### Provided material
· · ·

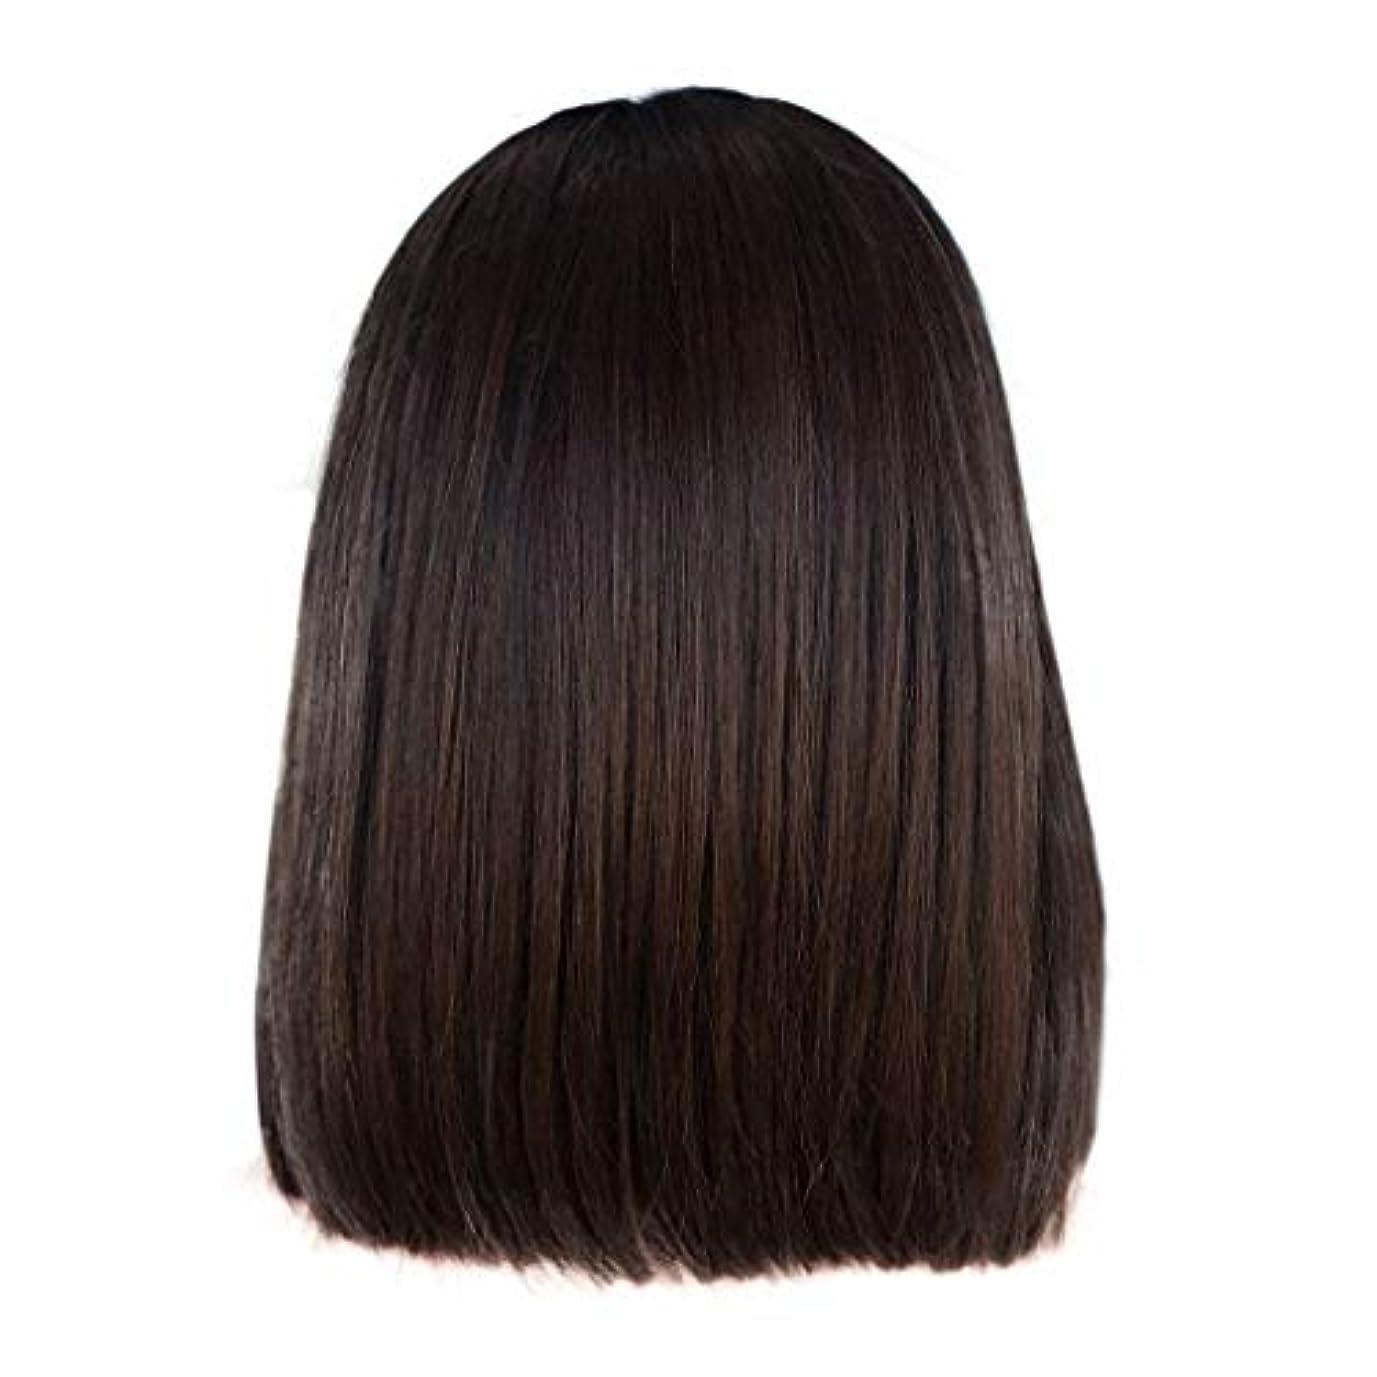 ミルマーチャンダイザー抵当かつら女性の短いストレートヘアブラウンの化学繊維のフロントレースかつら14インチ
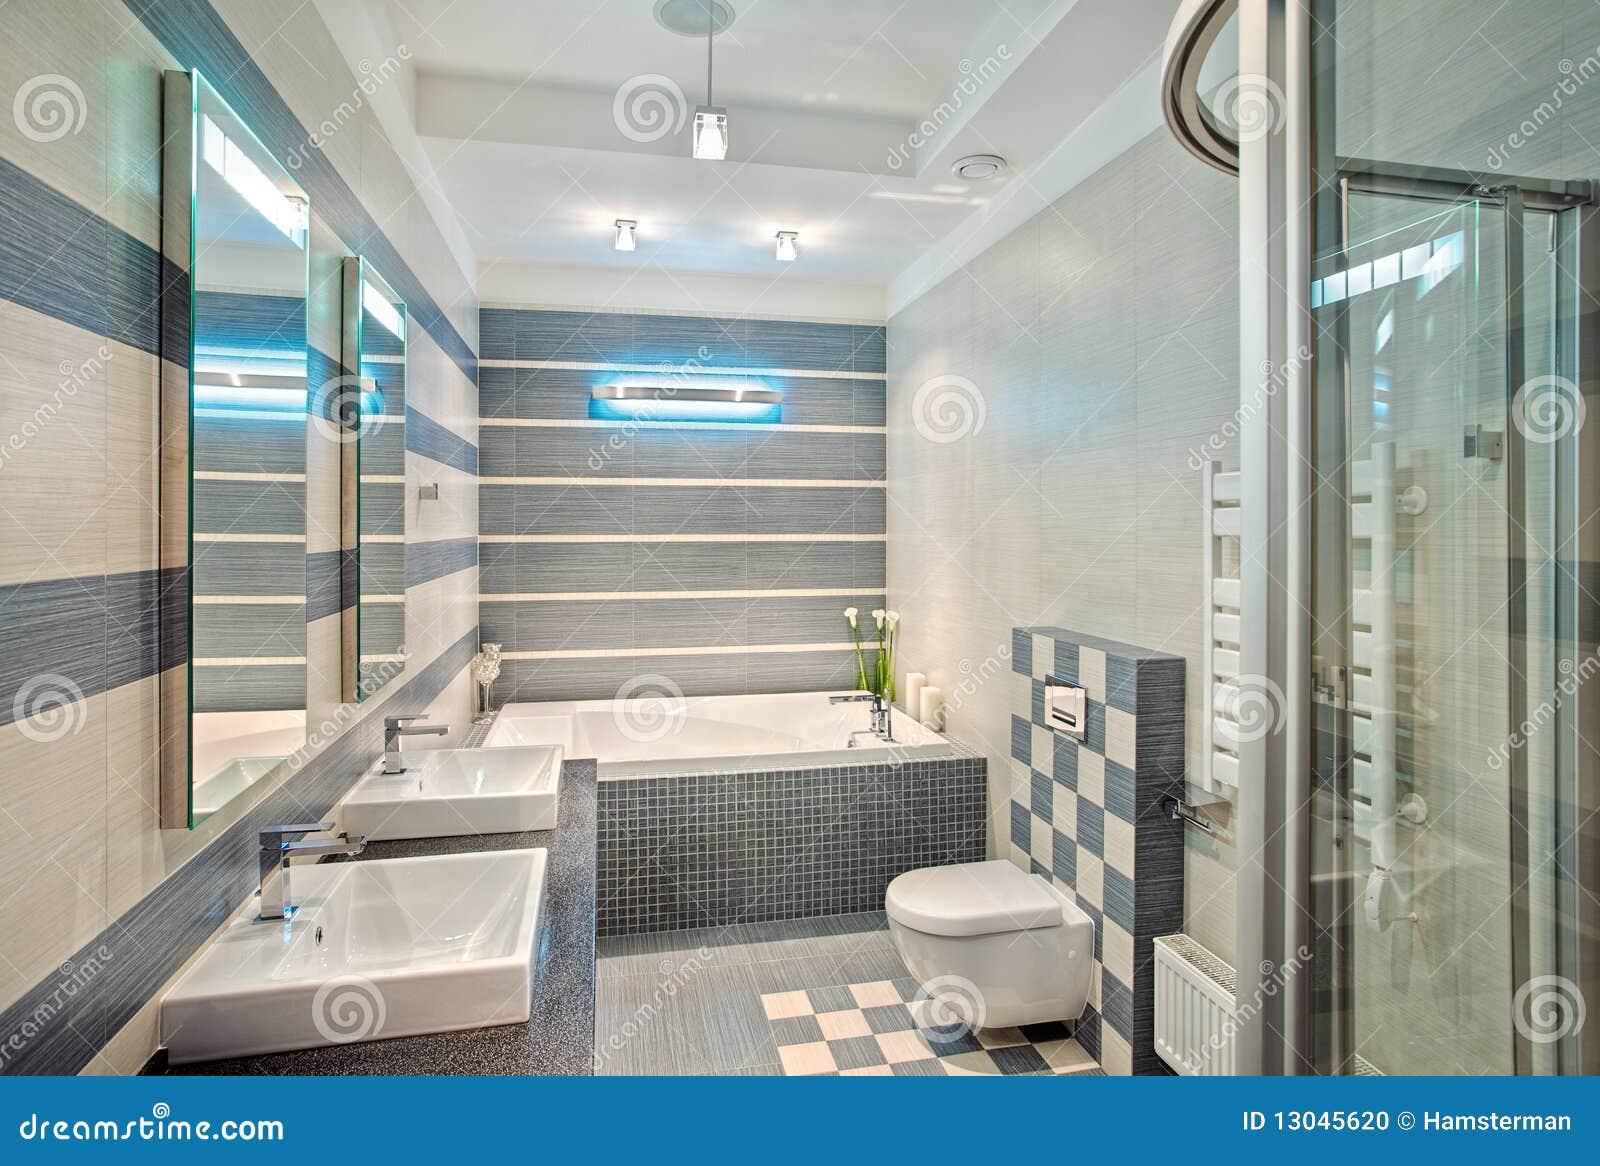 Salle de bains moderne dans des sons bleus et gris avec la mosaïque
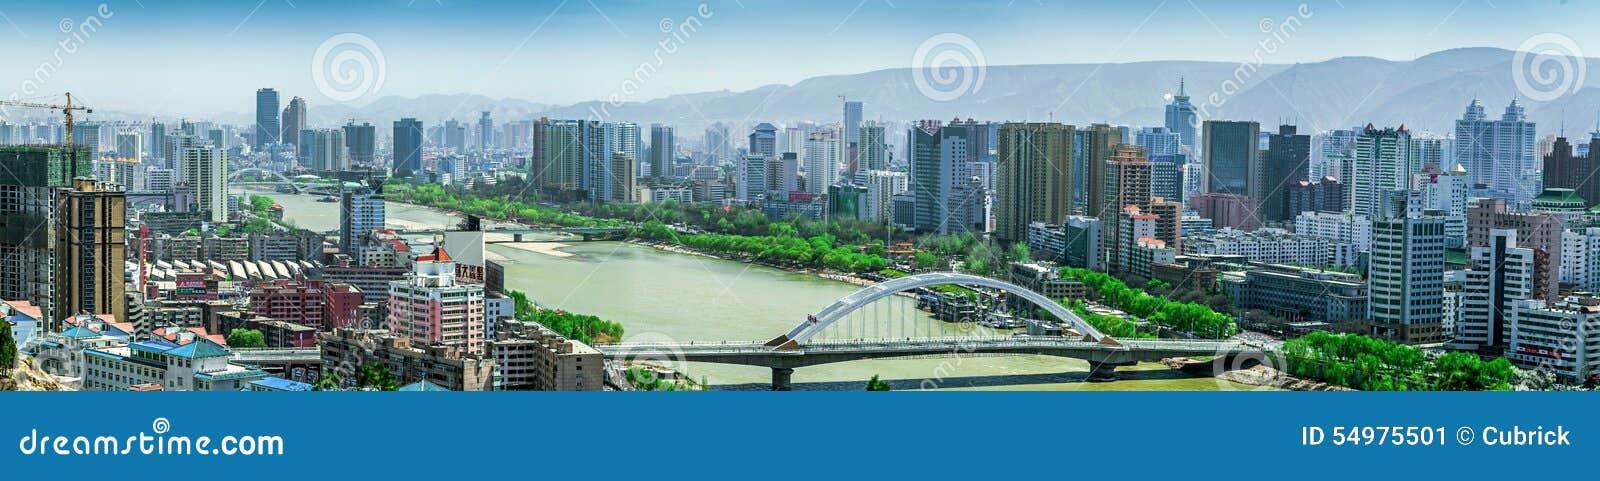 Moderna höghus som konstrueras på den södra banken av Yellowet River (Huang He) på Lanzhou, Gansu landskap, Kina
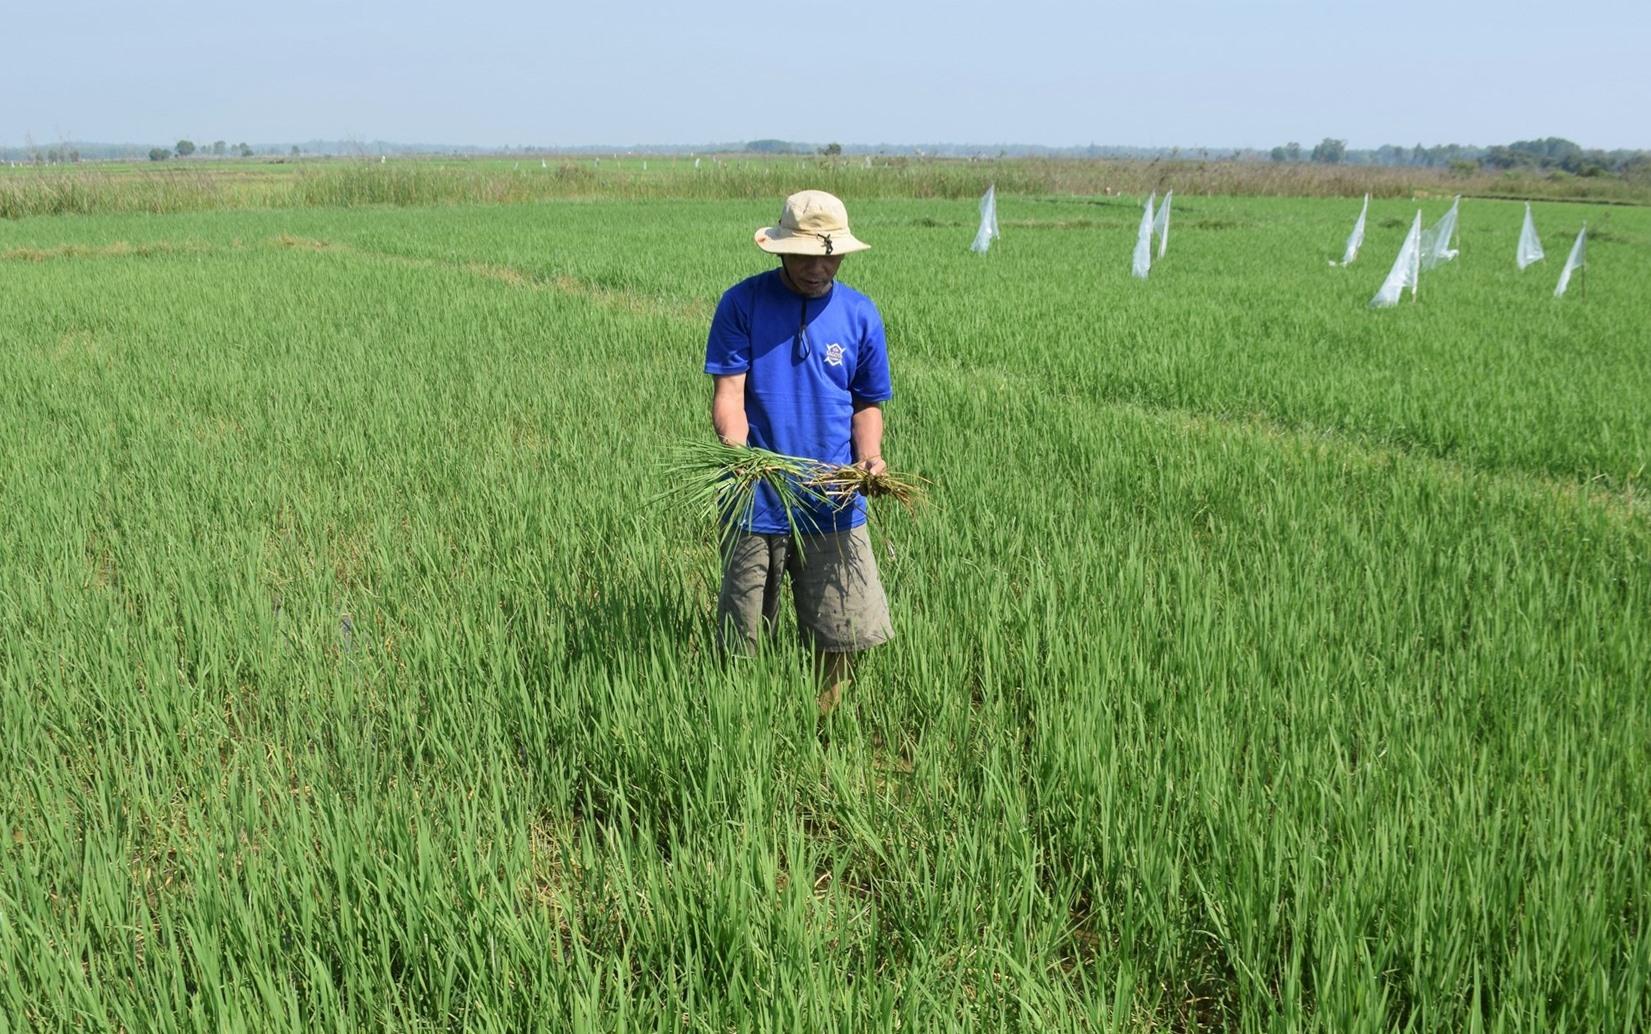 Chuột phá hại lúa trên diện rộng khiến nông dân lo lắng năng suất lúa sẽ giảm. Ảnh: THANH THẮN

· · ·

### Work required
With the pictures omitted, the material is to be transcribed exactly.

### Your solution
 ミルマーチャンダイザー抵当かつら女性の短いストレートヘアブラウンの化学繊維のフロントレースかつら14インチ
 Salle de bains moderne dans des sons bleus et gris avec la mosaïque
 Moderna höghus som konstrueras på den södra banken av Yellowet River (Huang He) på Lanzhou, Gansu landskap, Kina
 Chuột phá hại lúa trên diện rộng khiến nông dân lo lắng năng suất lúa sẽ giảm. Ảnh: THANH THẮN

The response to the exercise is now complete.